Problem statement. Your answer must be a word-for-word copy of the listing, with all pictures excluded.

Stored data.
"""

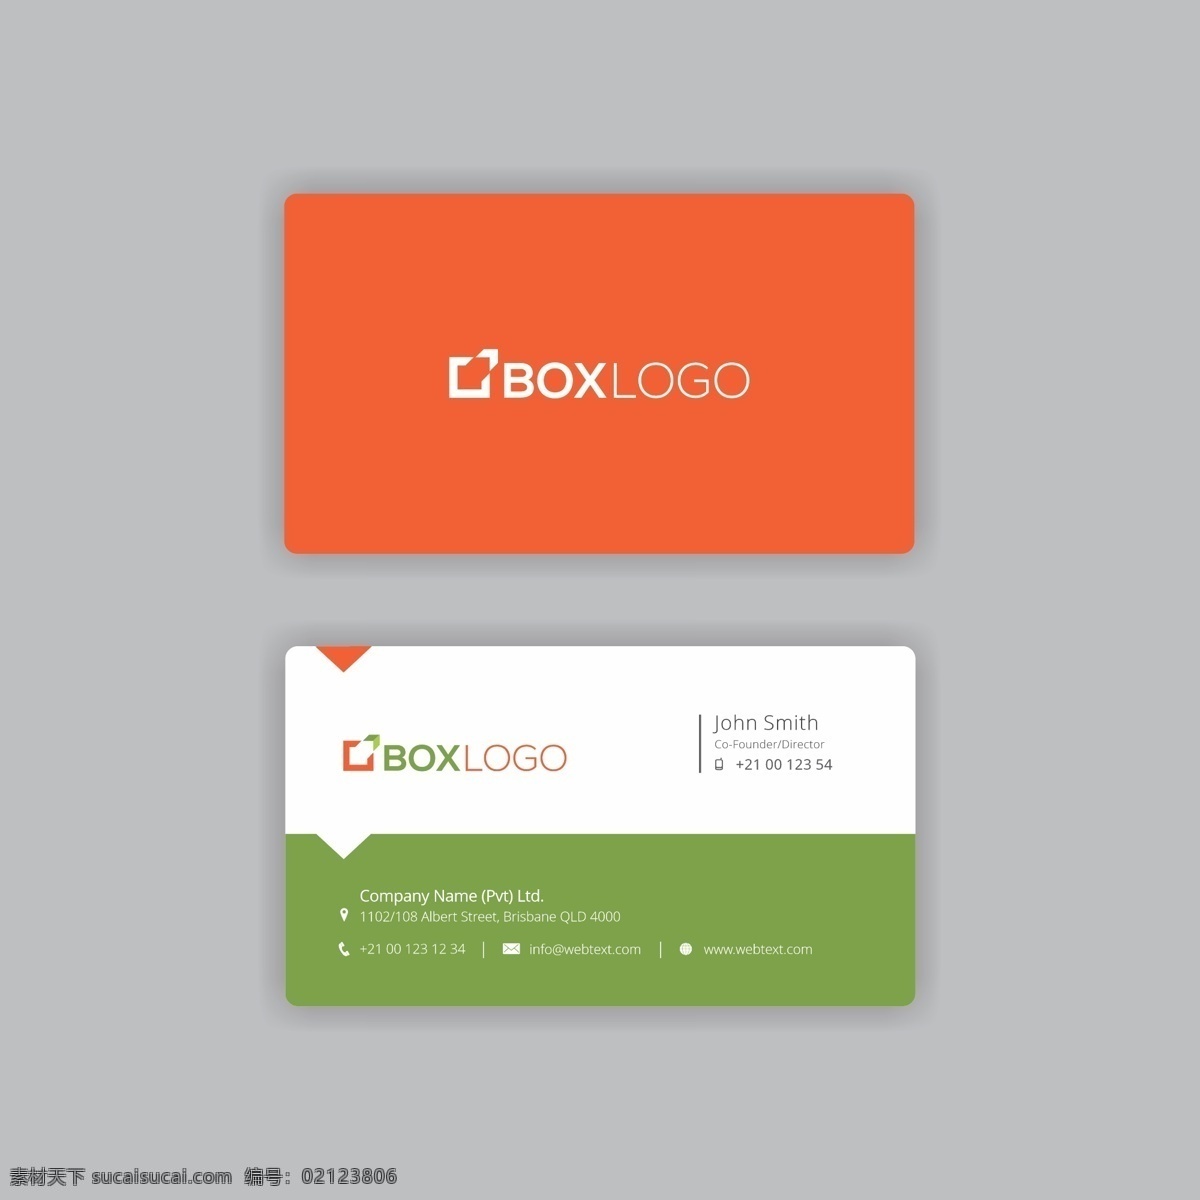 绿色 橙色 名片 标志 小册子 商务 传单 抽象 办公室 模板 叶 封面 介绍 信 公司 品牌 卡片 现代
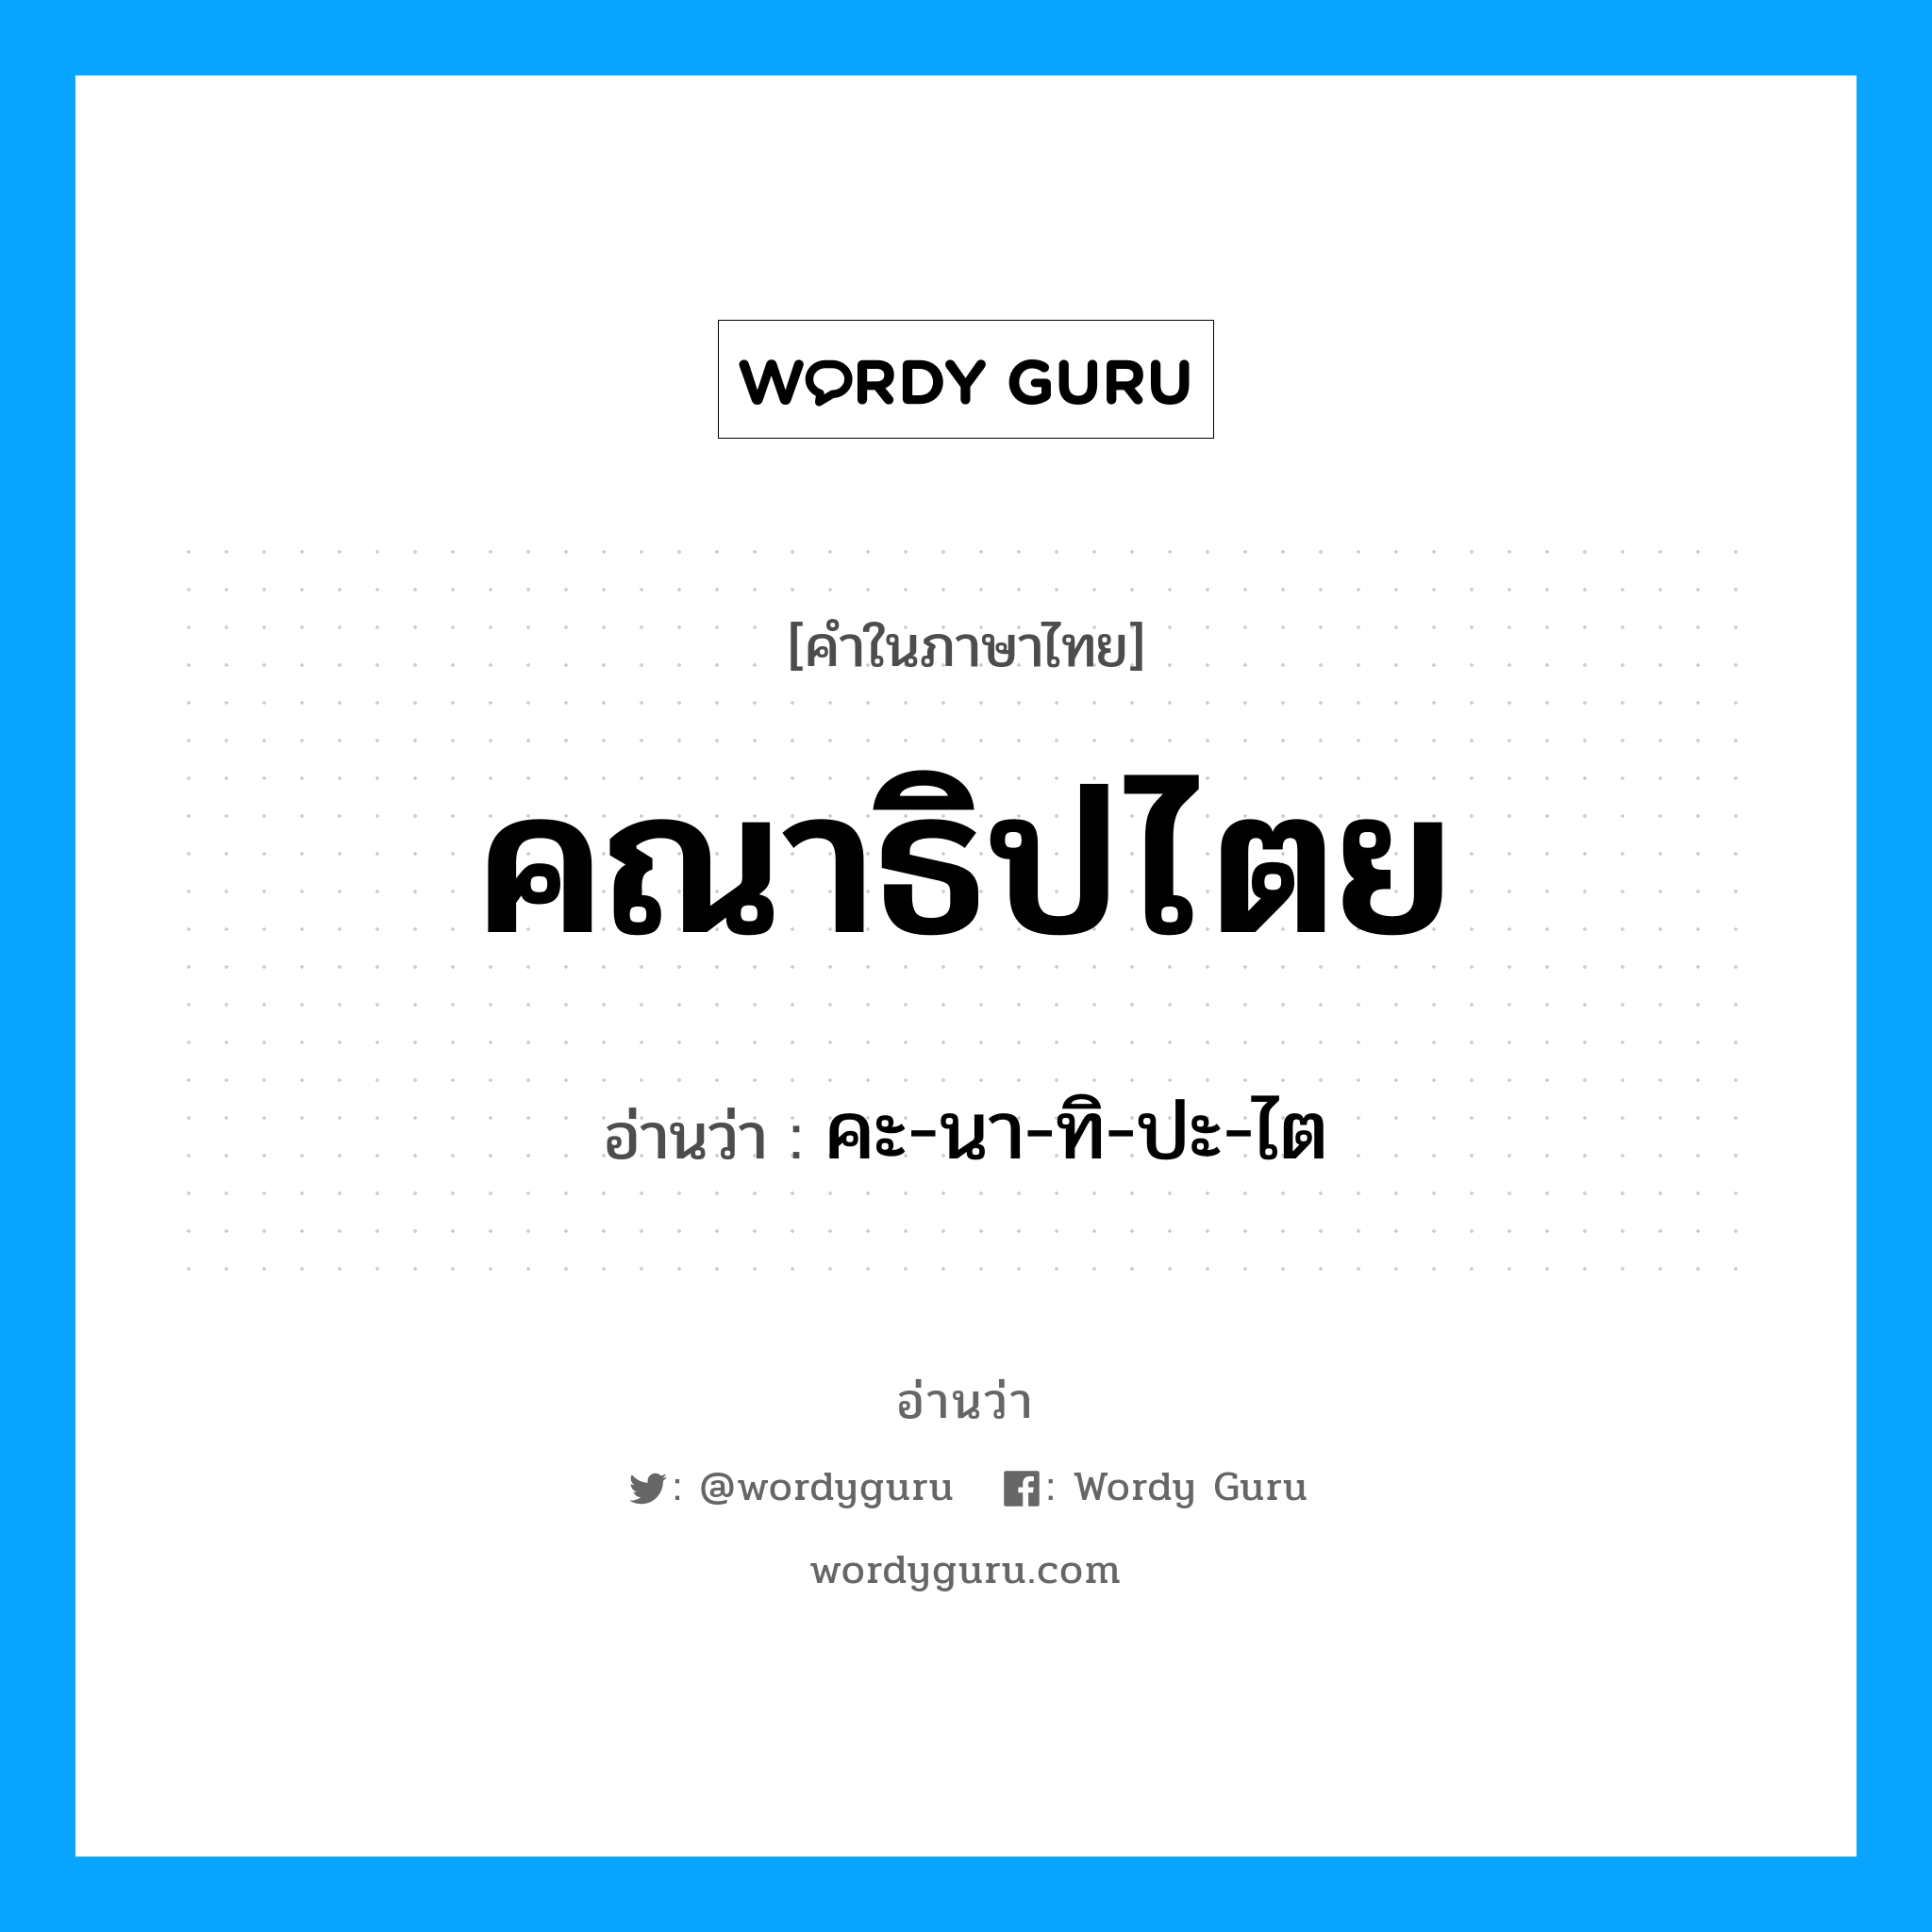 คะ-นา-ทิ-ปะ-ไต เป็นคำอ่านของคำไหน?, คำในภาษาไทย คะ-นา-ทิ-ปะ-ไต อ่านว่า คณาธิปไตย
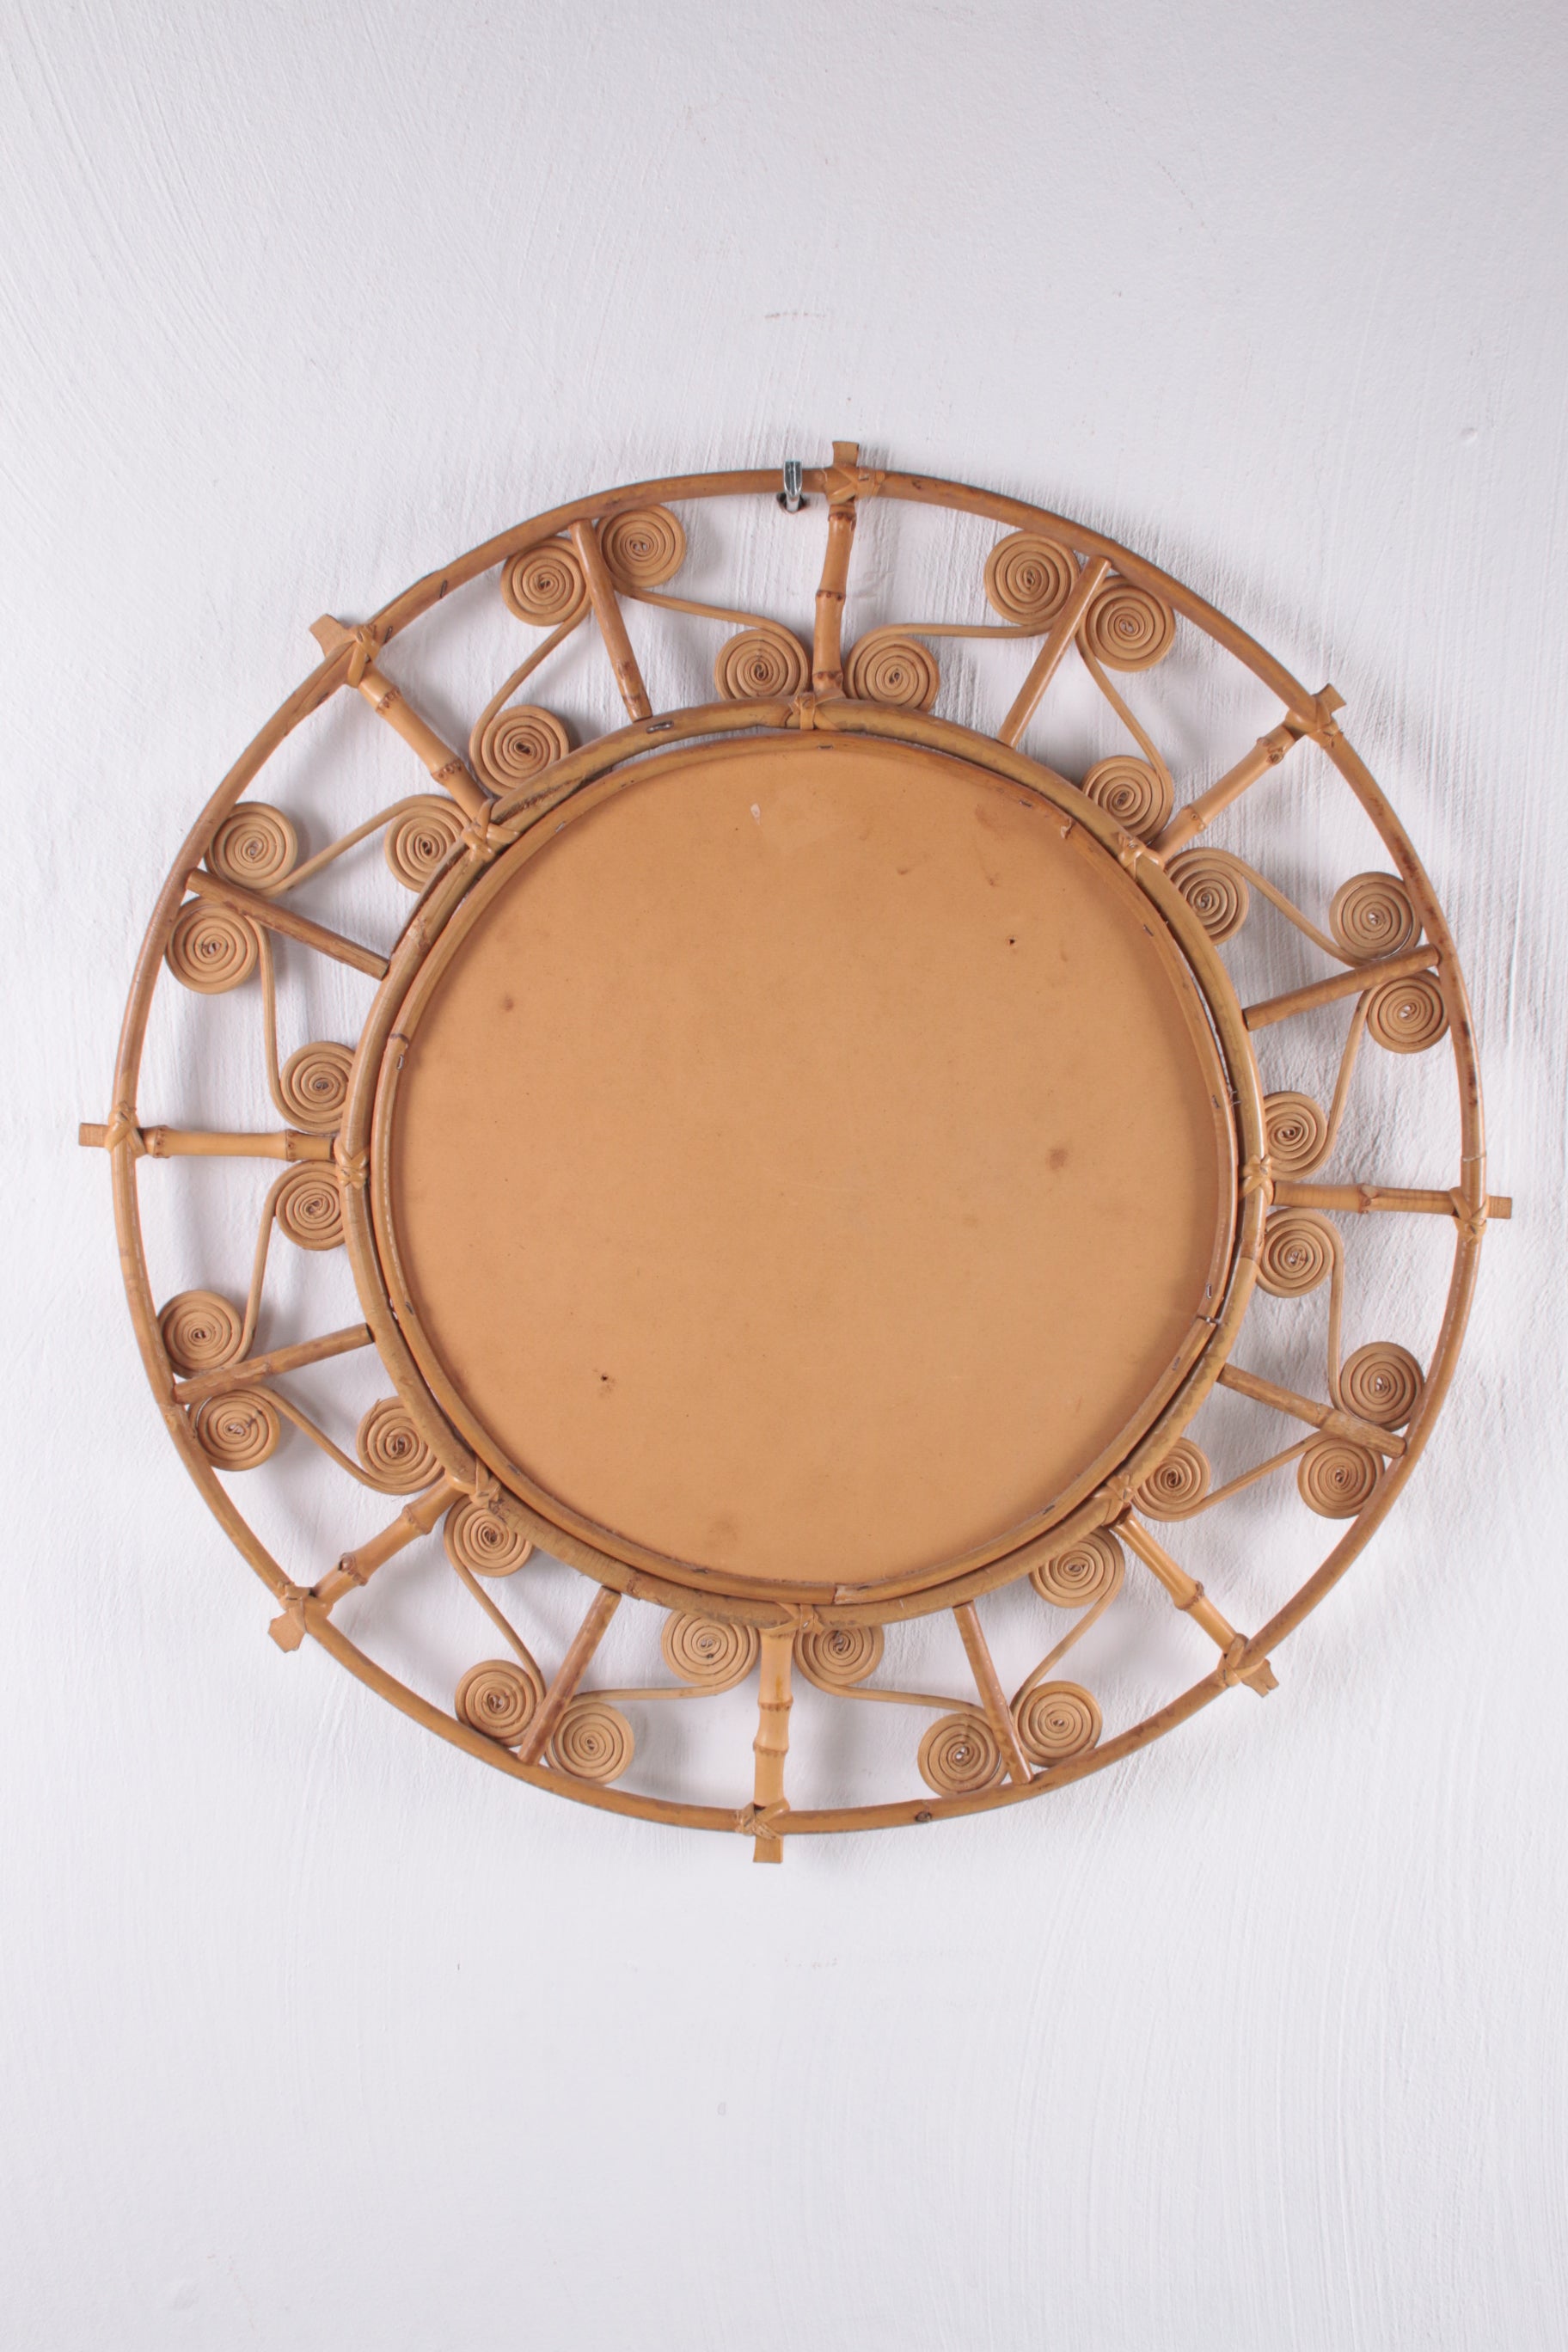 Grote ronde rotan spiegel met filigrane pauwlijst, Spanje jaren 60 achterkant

"""

Solution to this task.
 绿色 橙色 名片 标志 小册子 商务 传单 抽象 办公室 模板 叶 封面 介绍 信 公司 品牌 卡片 现代
 คะ-นา-ทิ-ปะ-ไต เป็นคำอ่านของคำไหน?, คำในภาษาไทย คะ-นา-ทิ-ปะ-ไต อ่านว่า คณาธิปไตย
 Grote ronde rotan spiegel met filigrane pauwlijst, Spanje jaren 60 achterkant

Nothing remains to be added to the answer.